The monks later returned and began rebuilding, but nearly 600 years later the monastery’s cathedral has still not been fully restored, and the monastery itself now houses the offices of the Philip Morris tobacco company, its executives occupying what were once the monks’ cells. The ossuary, though, still stands at the centre of the little cemetery just a short distance from the monastery, and a steady trickle of visitors comes to gaze upon its contents throughout the year.
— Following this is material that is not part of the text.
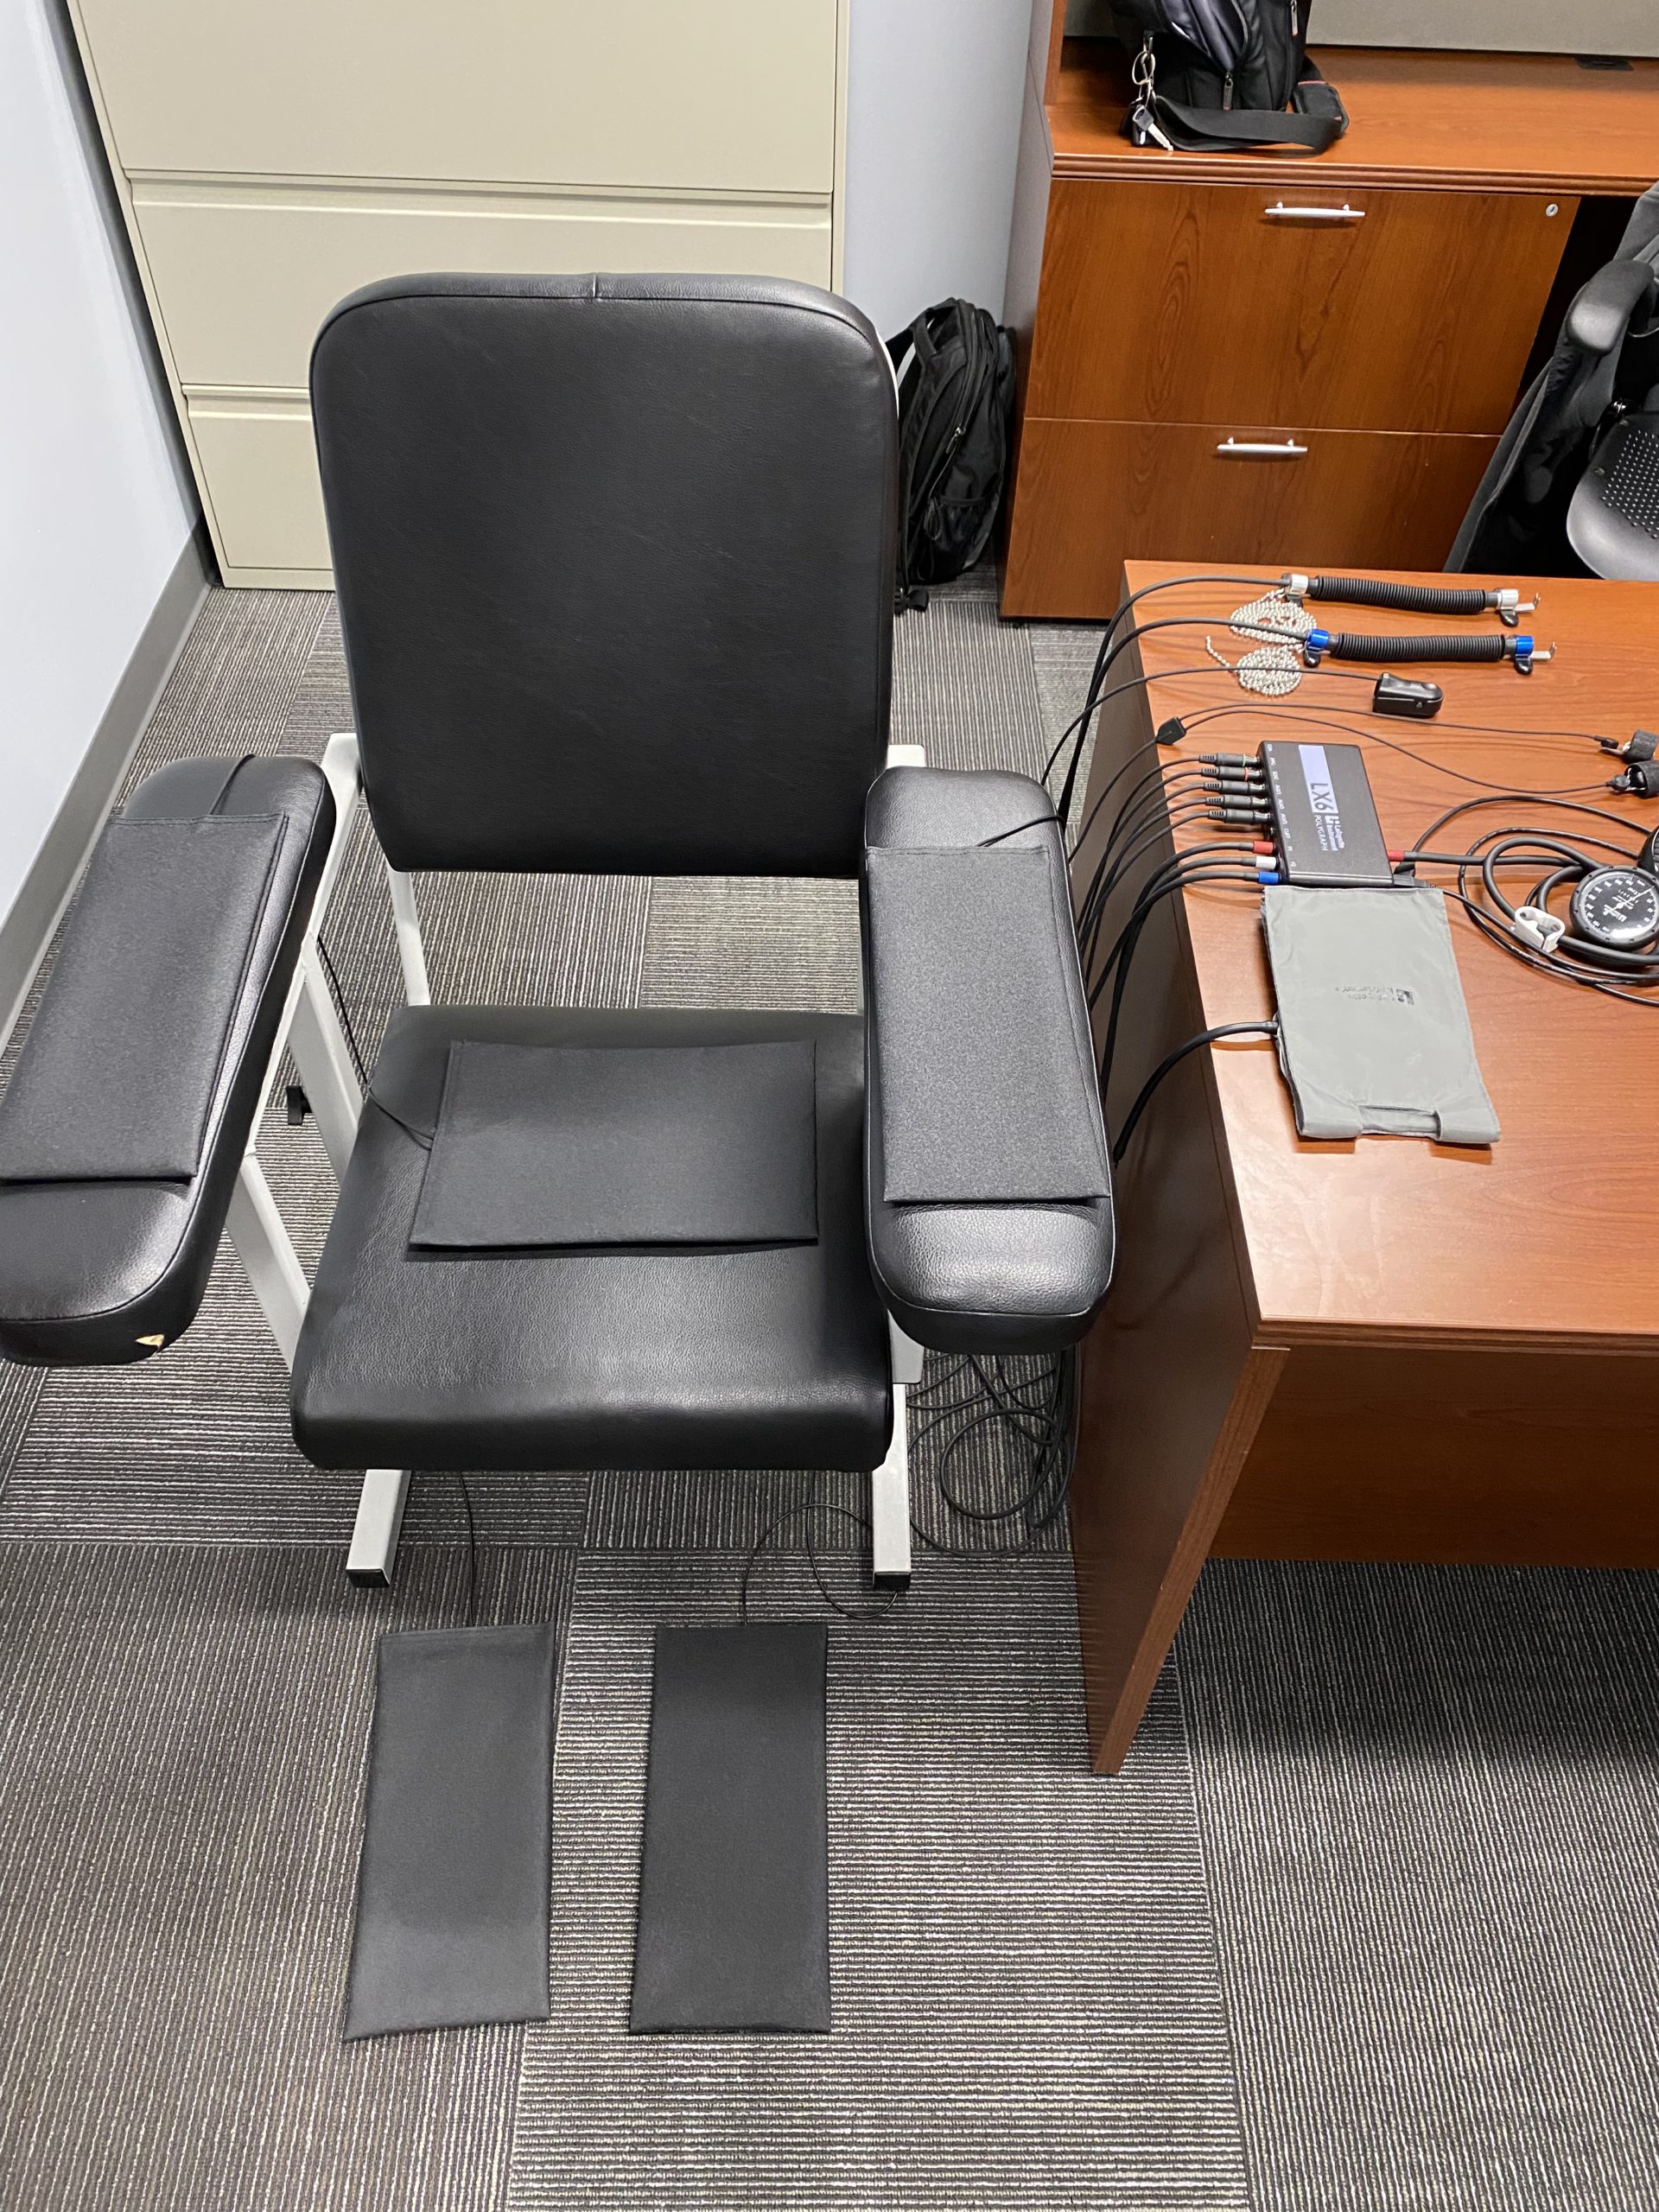 Chair with polygraph equipment around and on it.

There is, in a strange way, something deeply moving about these furnishings of bone. The names of most of those whose bodies were used to create them are long lost to history. They probably weren’t even very important to begin with, and presumably had no great expectation that either their remains or their memories would be honoured after their deaths. But through the efforts of a monk, an architect, and a gifted woodcarver, each developing the work of his predecessor over a period of three centuries, they have been transformed, and a kind of immortality has been achieved for them. They have become folk art, and something more; for the chandelier, the candelabra and the monstrances have all been assembled so lovingly, and with such care and imagination, that they function as more than merely a reminder of our mortality, or as a macabre display to amuse tourists. In its recognition of the beauty of this flawed, temporary body that we inhabit, and its realisation that part of this beauty lies in its very transience, Sedlec is a silent hymn both to God and to the human form He created. We may be interlopers in this place, passing visitors on the way to more urgent callings, but its occupants will always be here, waiting.
And, in time, they will welcome us into their company.